Emma Thompson: ‘I don’t think anyone realizes how thin most actresses are’

emma-thompson:-‘i-don’t-think-anyone-realizes-how-thin-most-actresses-are’

Emma Thompson is doing press for her film Good Luck to You, Leo Grande, which comes out in a couple of weeks. As Kaiser mentioned, the film’s premise is that Emma’s character hires a sex worker to help her have her first orgasm. It will also be the first time Emma has appeared nude in a movie. One might think it took Emma until her 60s to work up the courage to be naked on film, but she said that she wasn’t ever offered the opportunity. According to Emma, she’s been told her whole career that she doesn’t have the right body to disrobe. She said she’s been judged harshly her whole career and by her 30s, the press said she’d let herself go. But Emma said she hadn’t given up, she’d just stopped starving herself.

Emma Thompson has experienced her share of body shaming.

The two-time Academy Award winner, 63, recounted male executives telling her she didn’t have “the right kind of body” for sex scenes as she spoke to The Times about her new movie Good Luck to You, Leo Grande.

“I’ve never really been offered sex scenes,” she said. “As my mother said, I’ve basically played a series of ‘good’ women. I do ‘cerebral.’ And I have also never conformed to the shape or look of someone they might want to see naked.

“And by ‘they,’ I mean male executives. I’m too mouthy, not pretty enough, not the right kind of body. And, crikey, you are constantly told what kind of body you have,” Thompson added.

She also recalled enduring disparaging comments about her body from the media for the better part of her career.

“In one interview I did, the male journalist wrote that I’d put on a lot of weight since I appeared in Fortunes of War, and that my legs were ‘now like tree trunks,’ and that I’d ‘let myself down,’ ” Thompson said. “I was 31 and, quite frankly, no longer starving myself. I don’t think anyone realises quite how thin most actresses are in real life. They look quite… unreal.”

[From People]

We’ve heard these stories about what execs say to women and yet, every time I hear them, I’m shocked. I agree that people don’t know how thin actresses are. Nor do they know the measures they have to go to stay that way. It’s not that actresses come off as frail or brittle in person, but their figure has to have no bad angles. My heart hurts thinking about the demands made on these women and the critiques they hear. The larger problem is, those critiques are passed on to all of us.

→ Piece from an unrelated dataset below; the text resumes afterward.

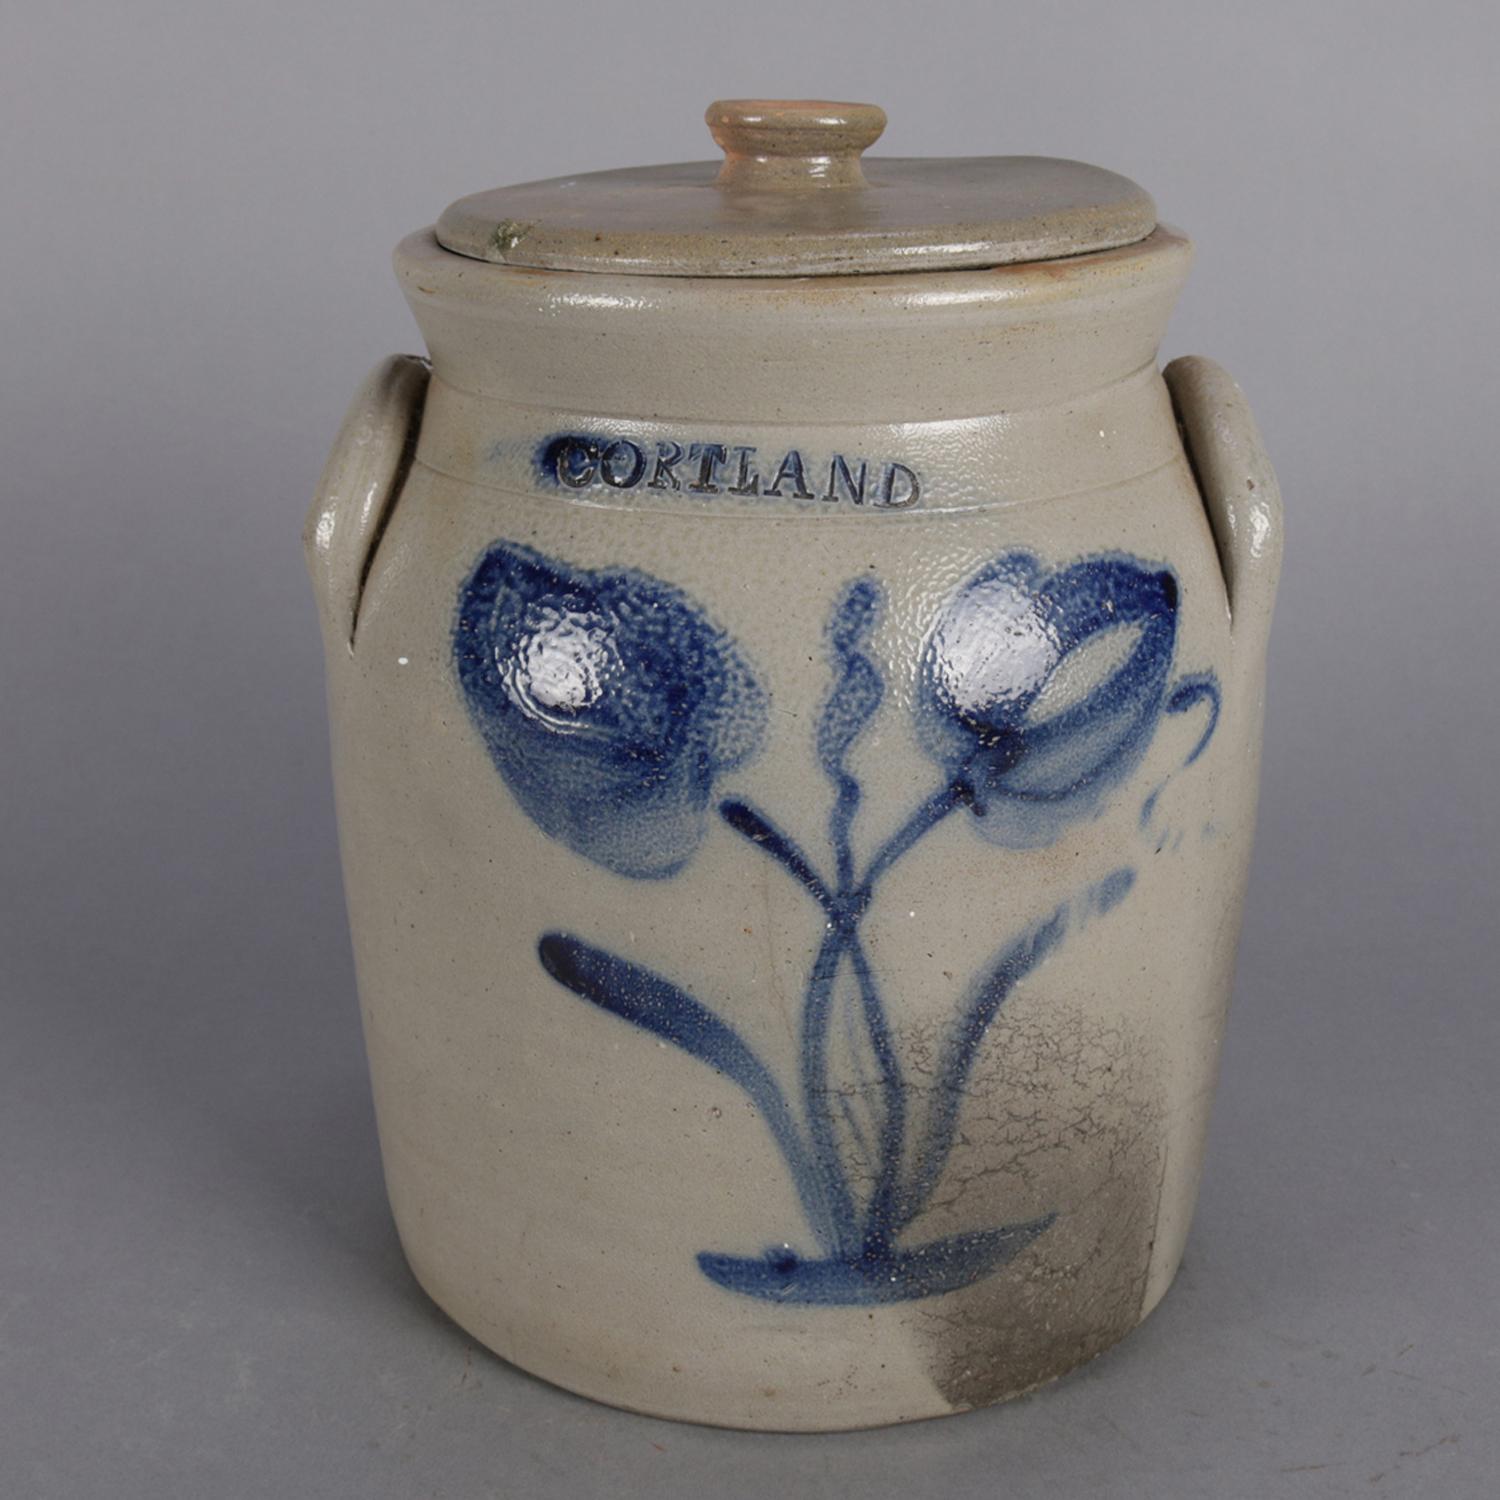 Antique New York double handled and lidded stoneware crock features hand-painted blue decorated tulip design surmounted by Cortland stamp, circa 1860.

Measures: 12

When a non-actress-sized woman hears someone tell a thin woman that her legs are “like tree trunks,” she’ll only see herself as even more flawed.

The People article talked about how Emma and her co-star, Daryl McCormack, got comfortable for the nude scenes. They and director Sophie Hyde all got naked and rehearsed that way after discussing their bodies and their relationships with their bodies, including what they liked and disliked. That sounds like my version of hell given my own body issues, but it must have been incredibly freeing for them. I like this new journey for Emma. I like that’s she’s dictating what’s desirable now. Like when Diane Keaton did her first full-frontal nude scene at 57, I’m sure we’ll be phrasing this as how brave Emma is but it shouldn’t be brave, it’s just a choice. And the best part is, it’s a choice Emma got to make on her own terms.